Food and Drink Round-up 11/02/2010

Would you put testicles in your mouth? Plus a very good take-away, breakfast in bed, and new deli opens

Published on February 10th 2010.


Food and Drink Round-up 11/02/2010

Having a ball
“My testicles are outselling my steak,” Robert Owen Brown told the Confidential editor when they bumped into each other. So the editor went down to the Mark Addy to have a ball. Or two. After all he'd never tried them before.
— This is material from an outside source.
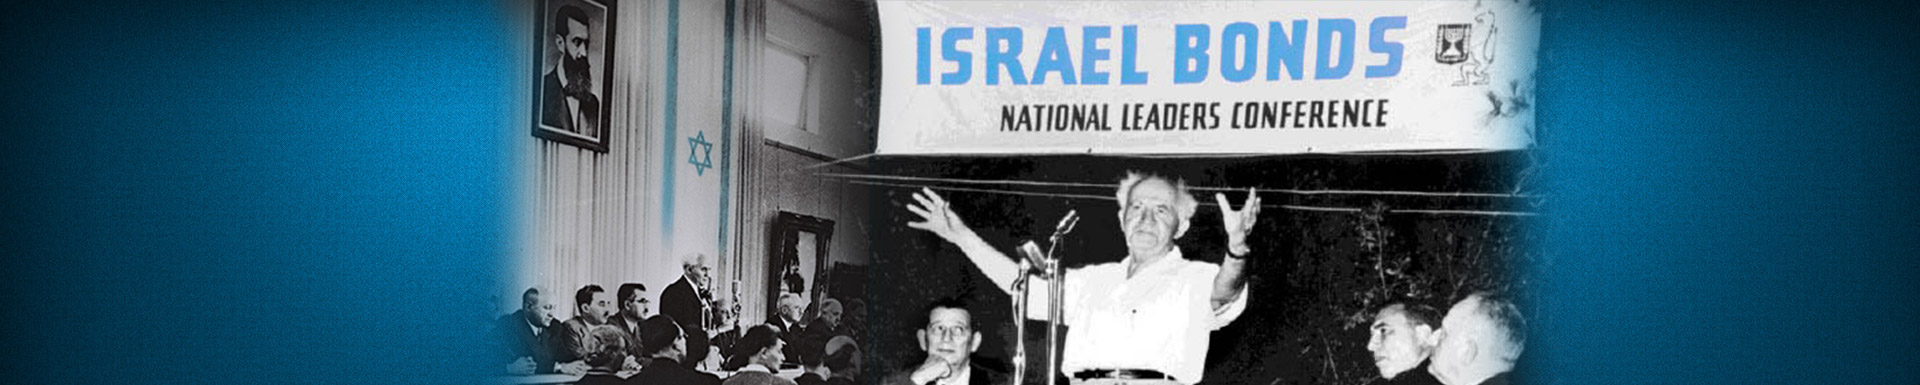 About Israel Bonds David Ben-Gurion at Israel Bonds National Leaders Conference

On the specials menu, amongst others, there was bone marrow (£4.50), ox heart and tongue terrine (4.50) and bull's fries (£3.75). “Bull's fries...they would be the...?” “Testicles...balls,” said the fetching waitress. The editor tried the handsome trio of food. The bone marrow was delightful, the terrine coarsely and splendidly full-on, the balls were just like sweetbreads but slightly more..er..ballsy - in otherwords, fleshy, tender, faintly sweet and delicious but with a less smooth edge to the taste. The editor wasn't sure about the caper butter they came with - that went better with the marrow - he preferred his testicles stark bollock naked.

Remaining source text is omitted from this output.